Description
Two lines are said to be `almost identical' if they are the same after removing all blanks. For example, T h i s   i s   a   test is `almost identical' to This is a test.
Raw Input Desired Output
first record
first r e c o r d
f i r s t  r e c o r d
s e c o n d record
third r e c o r d
t h i r d  record
final record
first record
s e c o n d record
third r e c o r d
final record
Script and Comments
Script1
[ 1] G
[ 2] h
[ 3] s/ //g
[ 4] /^(.*)\n\1$/{
[ 5] x
[ 6] s/^.*\n//
[ 7] }
[ 8] /\n/{
[ 9] g
[10] 1!s/^.*\n//p
[11] g
[12] s/\n.*//
[13] }
[14] $q
[15] h
[16] d
Comments
  1. The `-r' option of GNU sed must be used to make sed interpret REs as EREs.

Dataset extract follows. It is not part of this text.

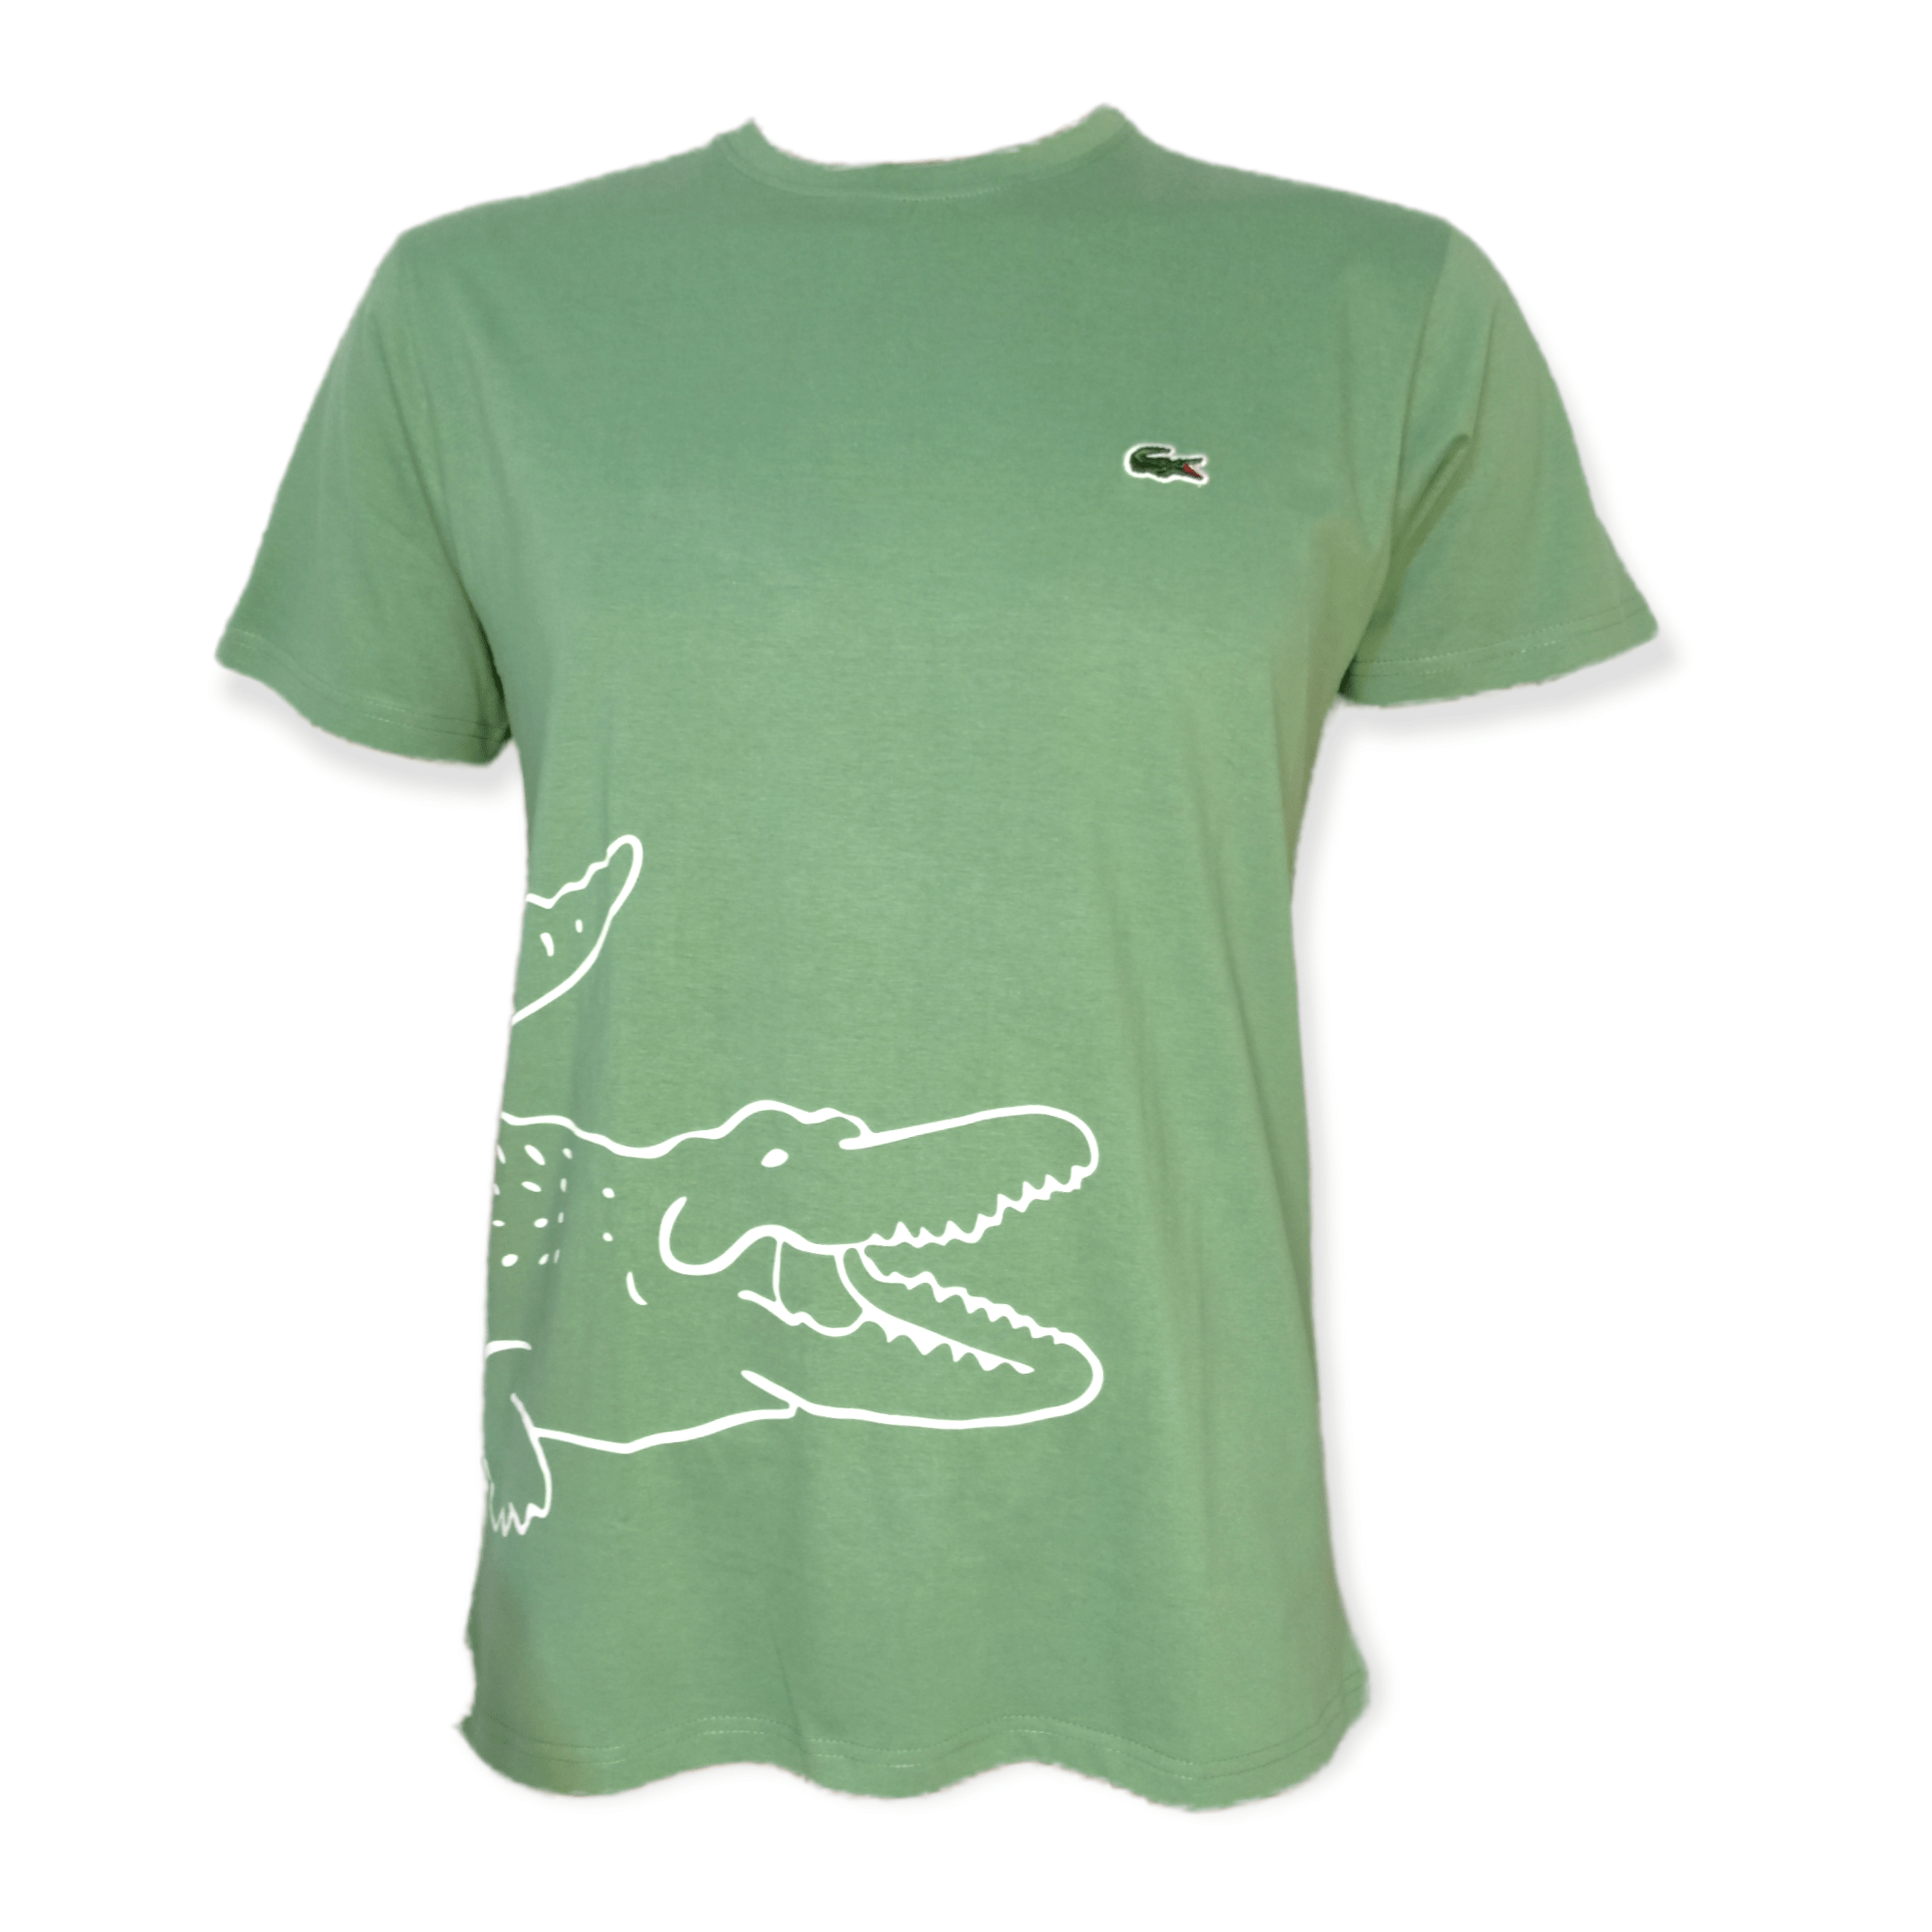 ElOutlet - Men Summer Men T-Shirt Men Slim-Fit Tshirt (Big C) - Green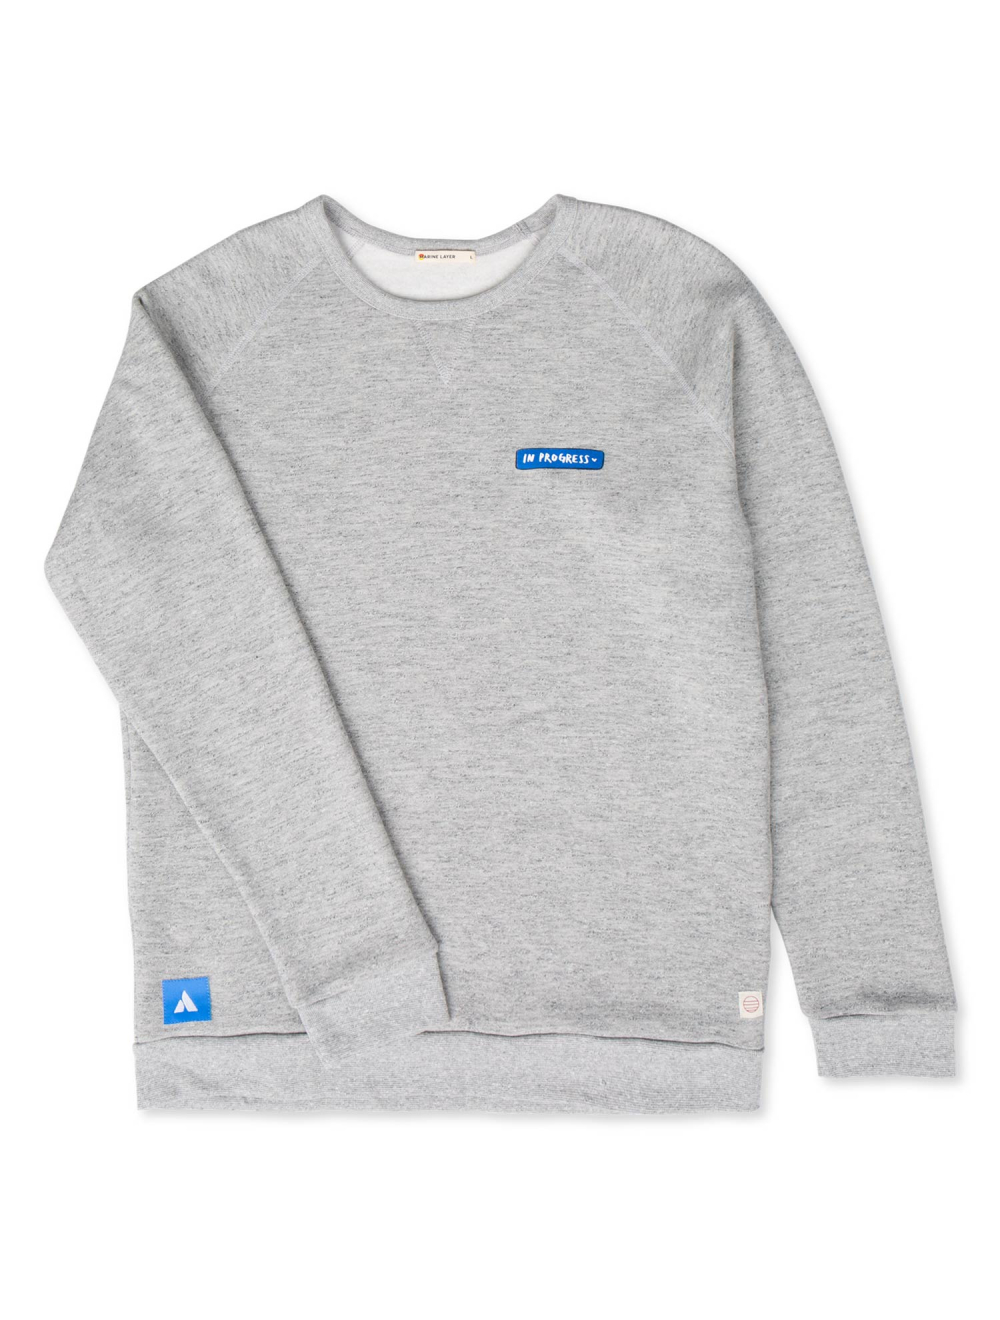 Atlassian Team Supply Co. Store | In Progress Sweater

  2. The Pattern and the Hold Space are abbreviated to PS, and HS, respectively.
  3. We refer to a group of consecutive `almost identical' lines as an `identical' group.
  4. Each time the first line of an identical group is found, we keep it in HS for later comparison.
  5. After a line was read, it is compared with the line kept in HS:
    • If they are `almost identical', skip the current line and start a new cycle.
    • Otherwise, the current line is the first line of another identical group. Print the kept line and then kept the current one.
  6. Step [1] appends the kept line from HS to PS. Now PS cosists of the current line followed by the kept line, separated by a newline character.
  7. Step [2] overwrites the contents of HS with PS.
  8. PS now contains the current and the kept line. To determine whether they are `almost identical', Step [3] is used to remove every blank.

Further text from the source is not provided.